TASK OBJECTIVE
Write out exactly the lines below from the one containing "American Standard installation" to the last, both ends kept, and nothing more; skip all pictures.

DATASET EXCERPT
+--

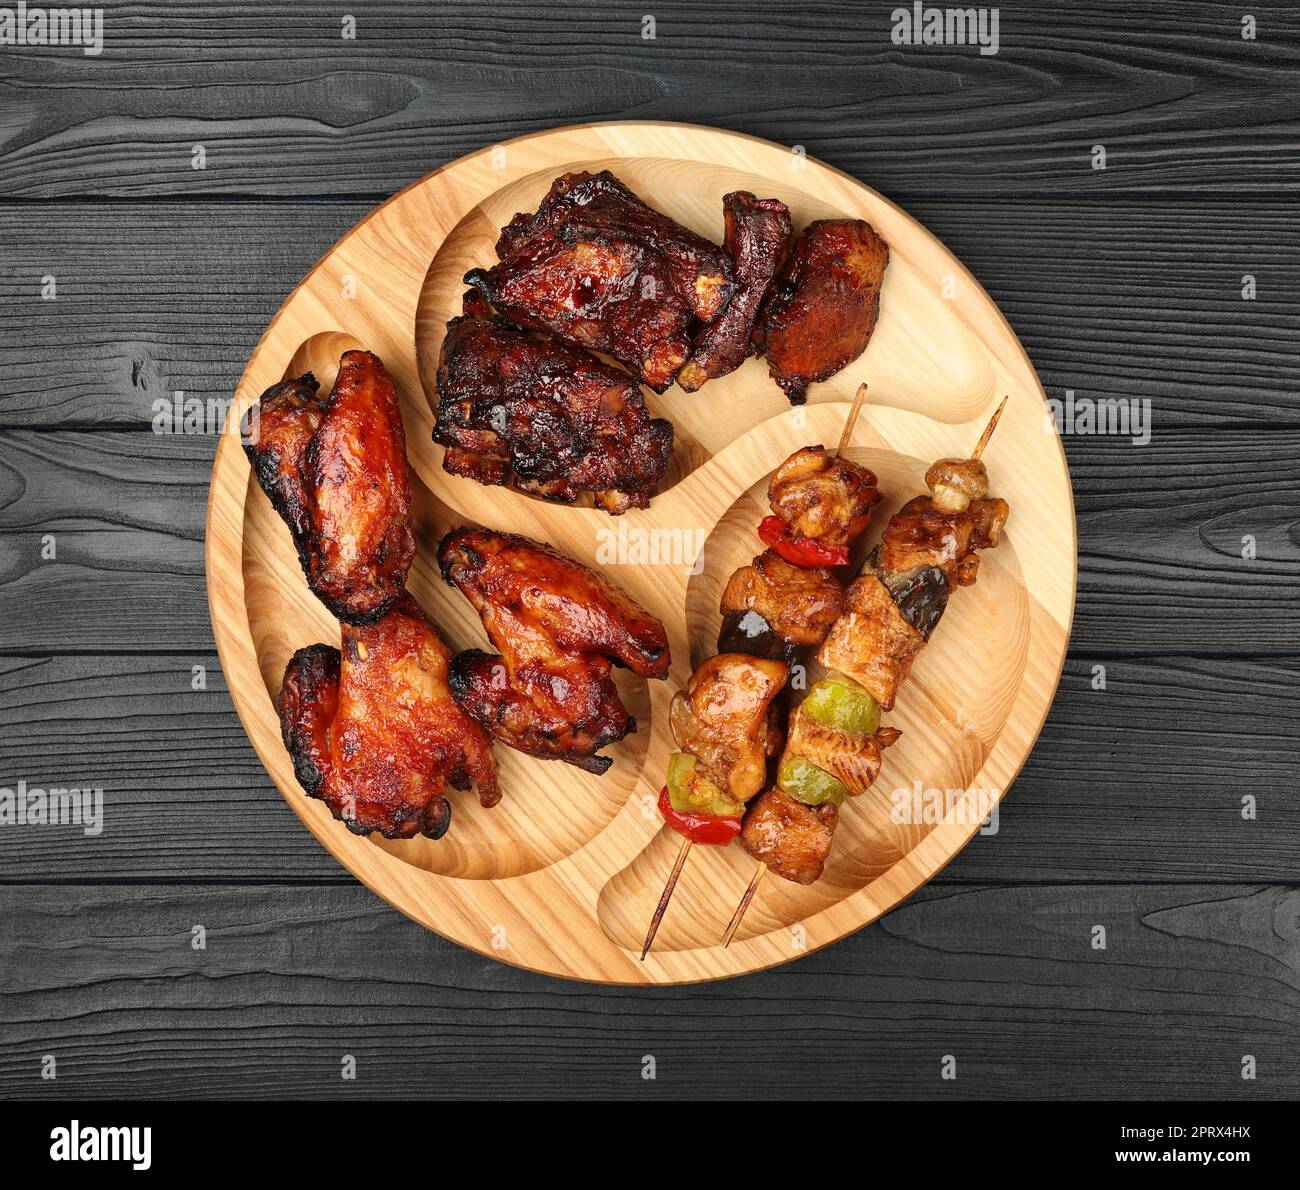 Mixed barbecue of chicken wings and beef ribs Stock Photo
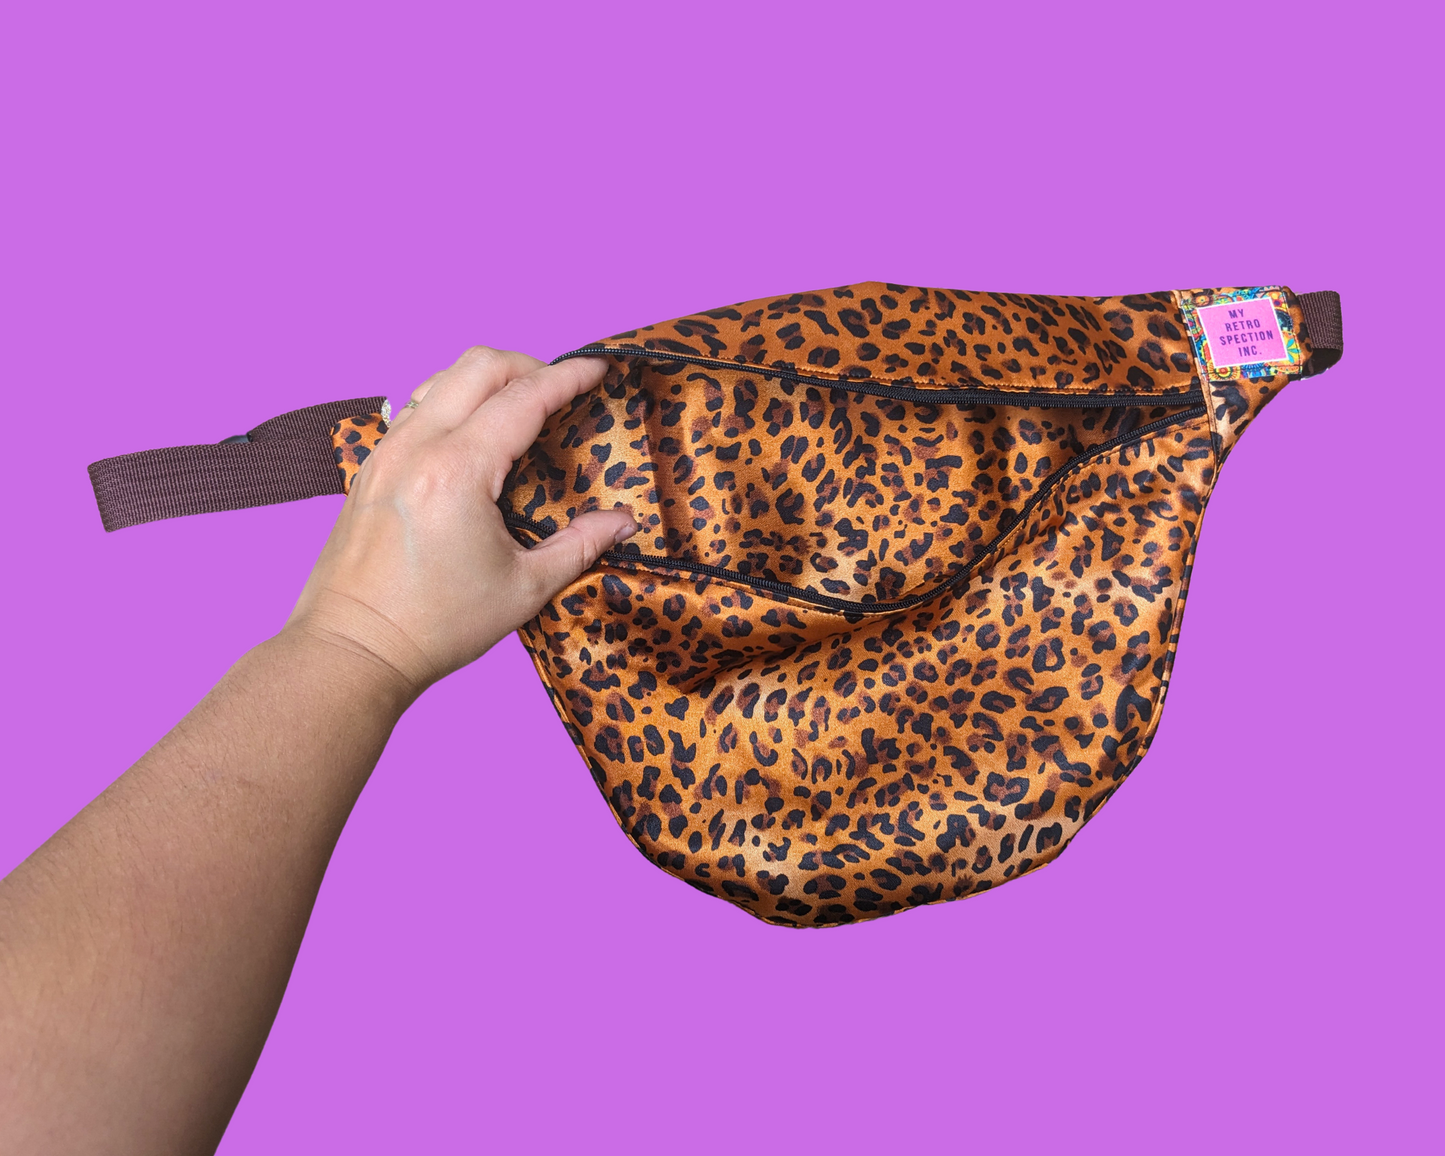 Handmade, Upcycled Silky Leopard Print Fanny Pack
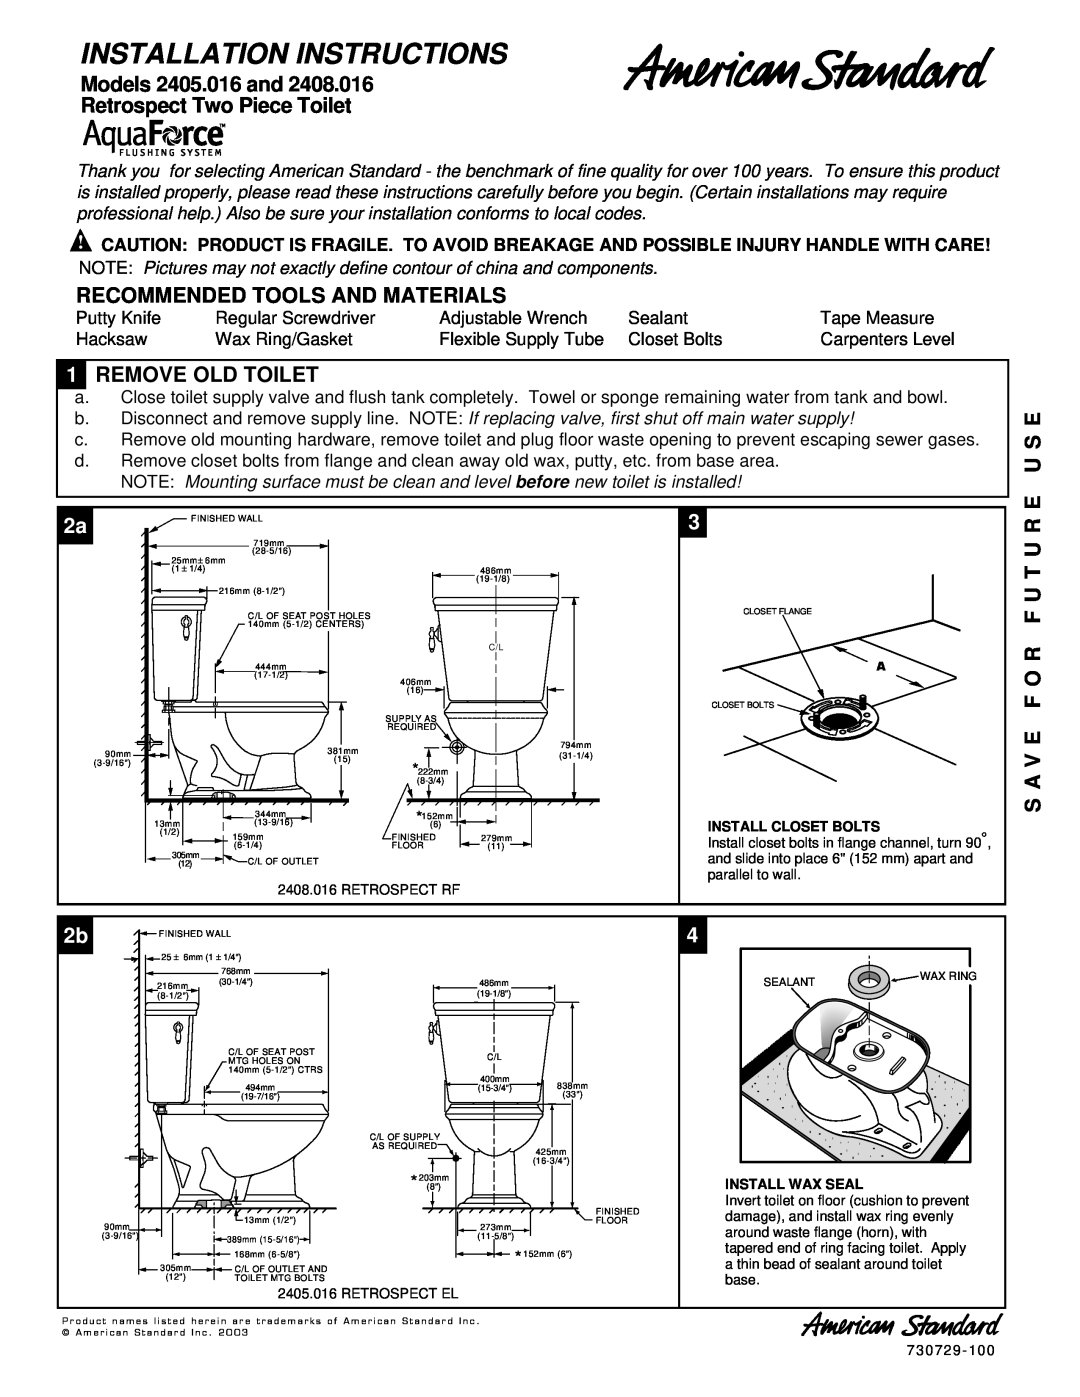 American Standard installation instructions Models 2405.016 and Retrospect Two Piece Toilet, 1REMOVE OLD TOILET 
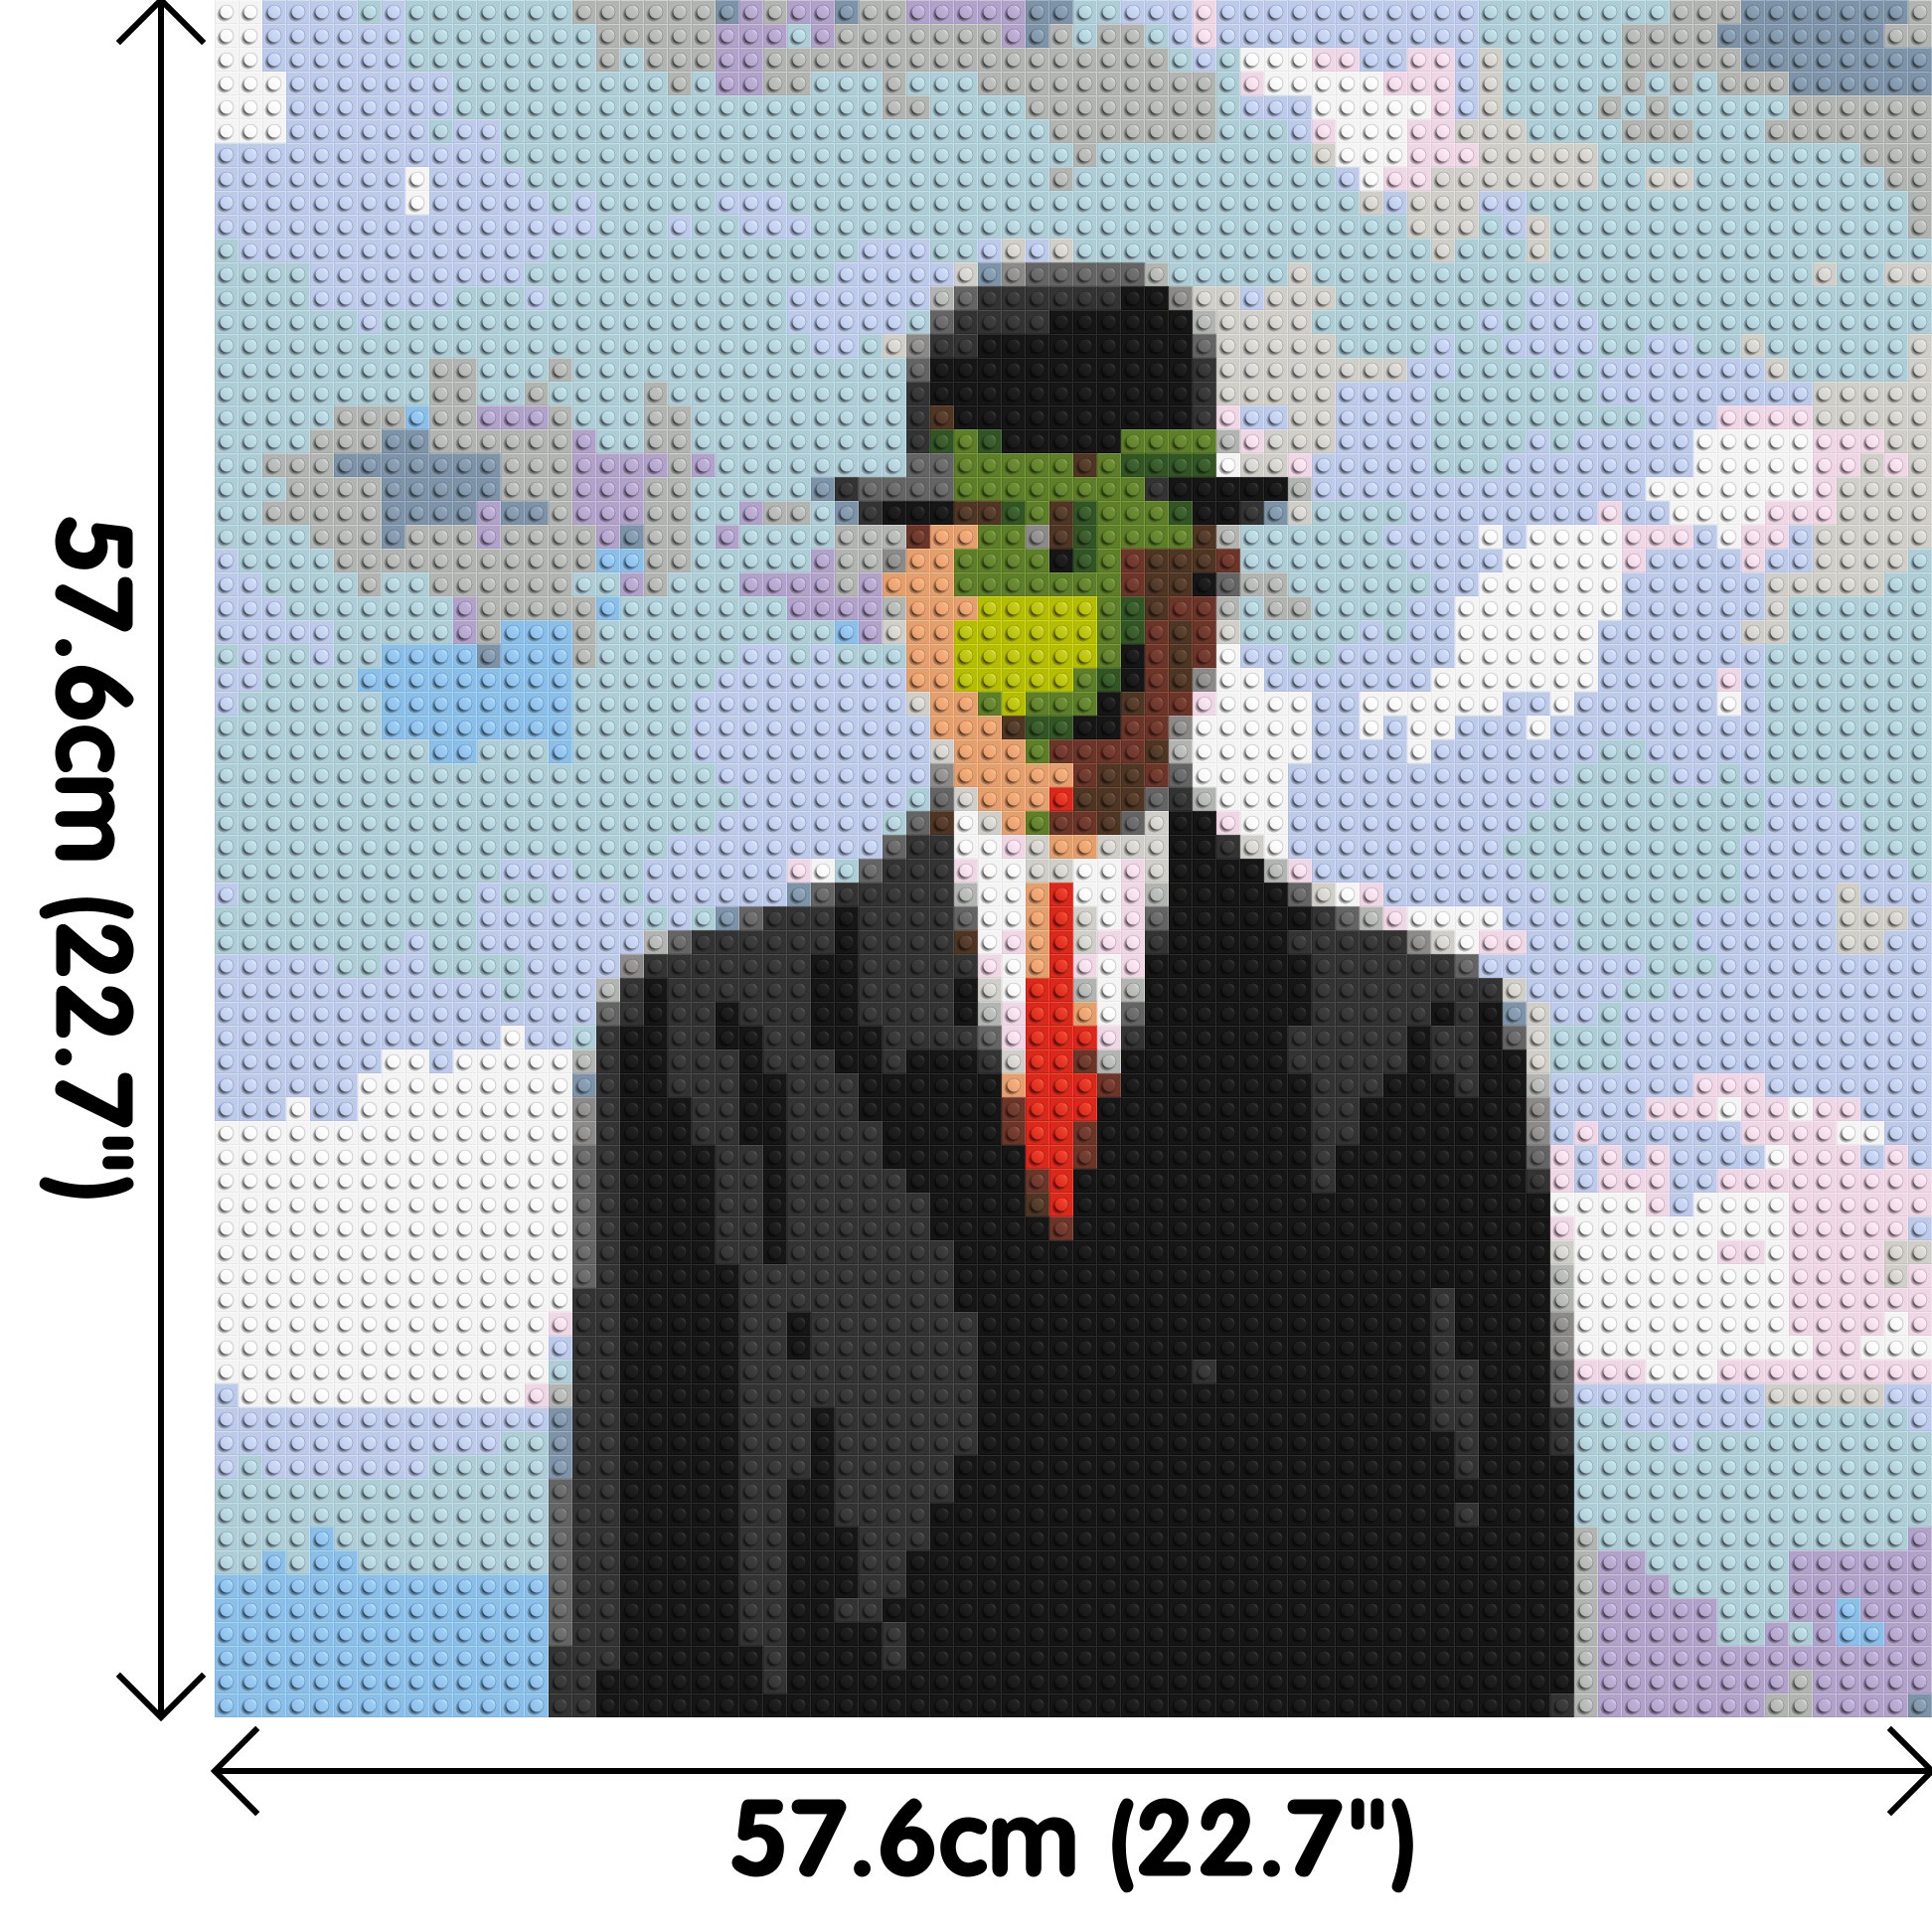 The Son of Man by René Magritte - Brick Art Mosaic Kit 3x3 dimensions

+--

TASK RESULT
 American Standard installation instructions Models 2405.016 and Retrospect Two Piece Toilet, 1REMOVE OLD TOILET 
 The Son of Man by René Magritte - Brick Art Mosaic Kit 3x3 dimensions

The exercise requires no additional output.